The math is a simple straight forward exercise in mainly applied trigonometry, generating a general transformation of the stored co-ordinates of the data set onto the new co-ordinate reference axis...calculated in this case, around the theoretical center, much the way a centroid is calculated. (Think Areas, and filling areas of a planar shape. The altitudes are paired with X-Y co-ord pairs and just go along for the ride in the data storage elements.)
Technically the centroid is the center of rotation of a rigid body, which in a plane, we generally describe in terms of some polygon, which in the aggregate is a mesh. Many triangles. (Triangle math is taught in Junior High through college, when engineers and scientists finally see where the physical world meets the applied mathematics many get too bored with to learn properly. But I digress.)
Gee think N3V programmers know anything about meshes? Or that any polygon can be (and usually is) resolved down to a series of triangles, the simplest polygon? Even a circle, at the limits of digital representations is mathematically approximated by large rectangles inscribed within, the filled with the smaller triangles to fill up the edges, so to speak. The center of rotation is determined by the perimeter shape, in our case a function of nn X720 meter boards along the two reference axes. However, in sum, the math used to calculate the 3D world on the fly as we ride through it probably already has the right math functions as sub-program and subroutines that could be called to do the calculations. The rest of it is mass, a big merge element would require the intermediary step of using hard disk storage of the translated data set. Then, math completed, the stored new axis data set could be brought back into memory supplanting the data of the rotated map layout.

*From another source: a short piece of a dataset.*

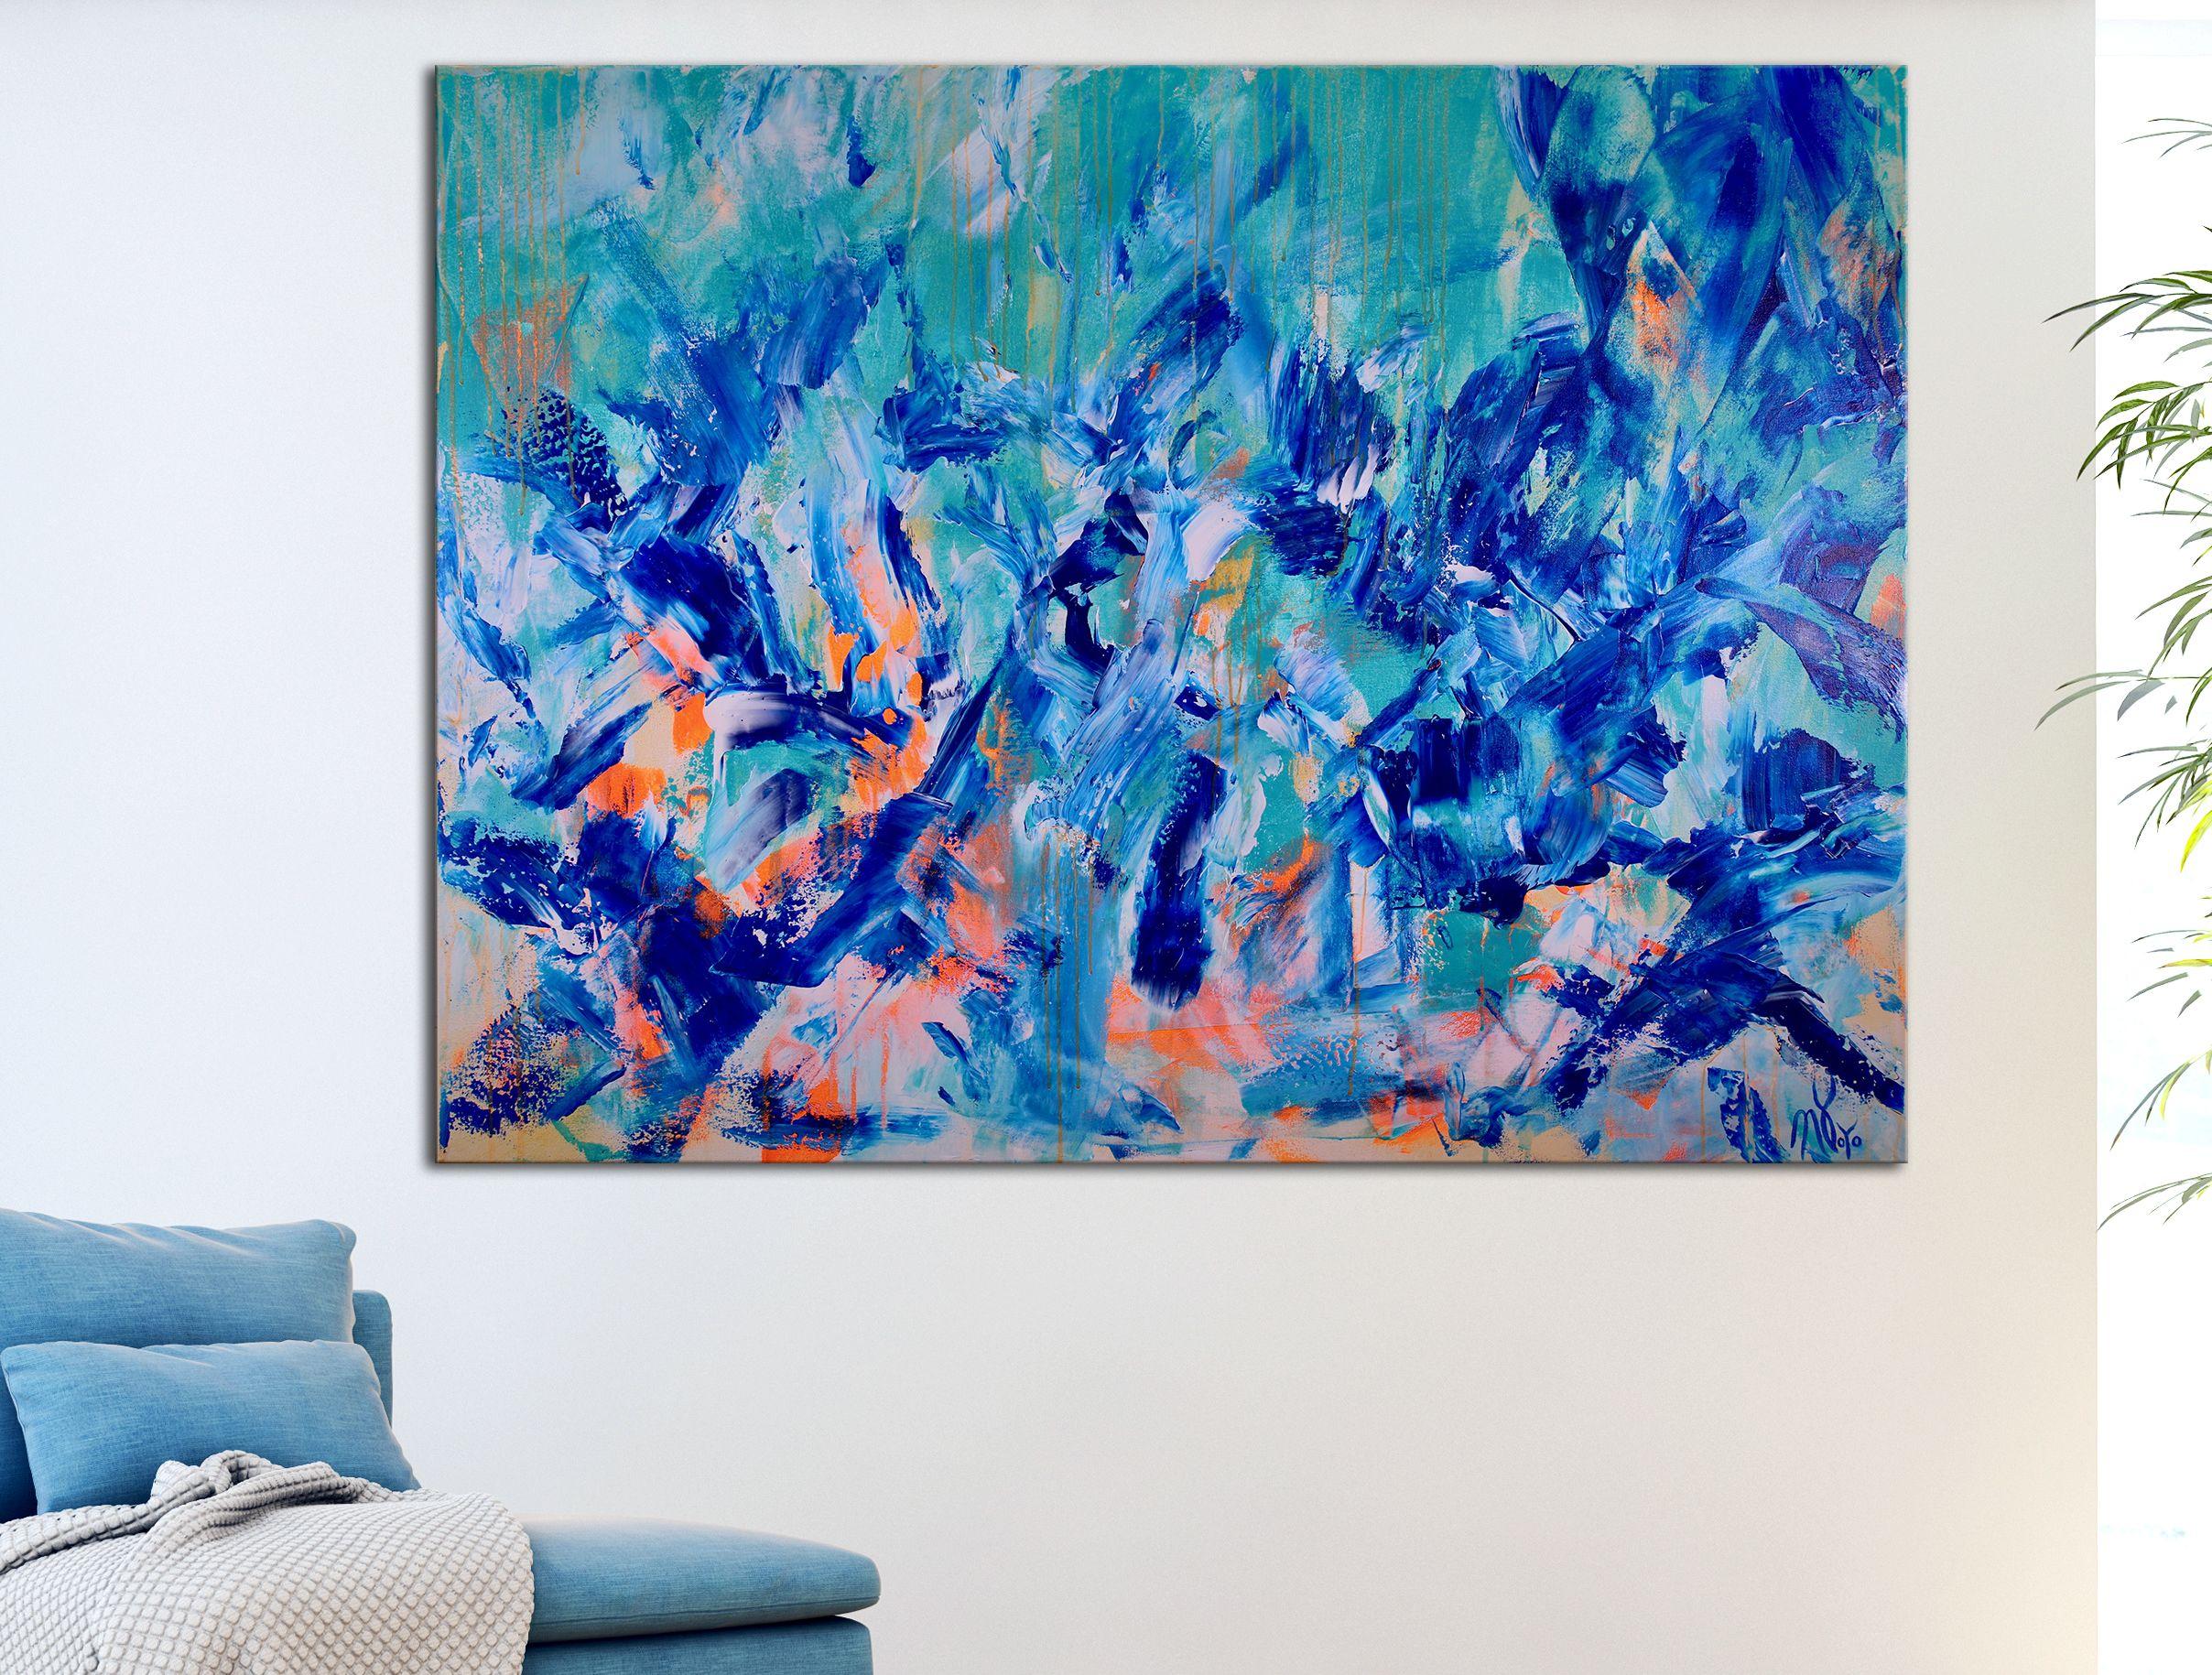 A closer Look (Open Skies), Painting, Acrylic on Canvas - Blue Abstract Painting by Nestor Toro

Have you ever had the experience of working with a tool or even three tools back and forth for a while in surveyor, then wanted to change tools, but the applications software delays, almost seems to stagger, only slowly with some delay slowly opening up the tab for the new tool? Happens to me all the time. I surmised after the first couple of dozen times Surveyor was shifting resource libraries, the .dll (dynamic linked libraries) files holding specialized parts of the computer systems smarts. It staggers, because it's designed to take up as little space in RAM as it can... so the tool .dll needs loaded, and then so does its API data, roads, bridges, and all that. There's no reason they couldn't put the math in the .dll container, and then stagger through the calculations one point at a time. We just need enough people to ask often enough for the feature to have them develop itl
I don't see a lot of virtue in this standard module business, but if you do implement it, do it at a higher elevation than zero. No reason a set of modules once you settle on the track layout can't be elevation shifted in 20 m steps and generate a family of modules suffixed or prefixed with the elevation (e.g. "Z-0320m-EtoW mainline module, level", "Z-0140m-EtoS 6x6 corner turn module", and so forth). The Z- prefix will serve to put such pieces down off the alphabetically sorted routes lists, a little trick I learned once programming a data base language that ran 2 million lines of code, give or take. In other words, before building modules, also build a naming convention which self-identifies what you are storing with that name. Something I went through earlier today organizing screenshots for tutorials on the Trainz Wikibook. // Frank
Let me interject a technical answer on that, Noel. Mathematically, there is absolutely no reason the original IBM PC with all of it's many limitations could not do the axis translations needed to rotate a board and have it reprocessed to merge 90-270 degrees should N3V want to hire a summer intern, any college sophomore should be able to outline the subroutines needed. Actually, since we're discussing only 90 degree steps, that simplifies the math considerably.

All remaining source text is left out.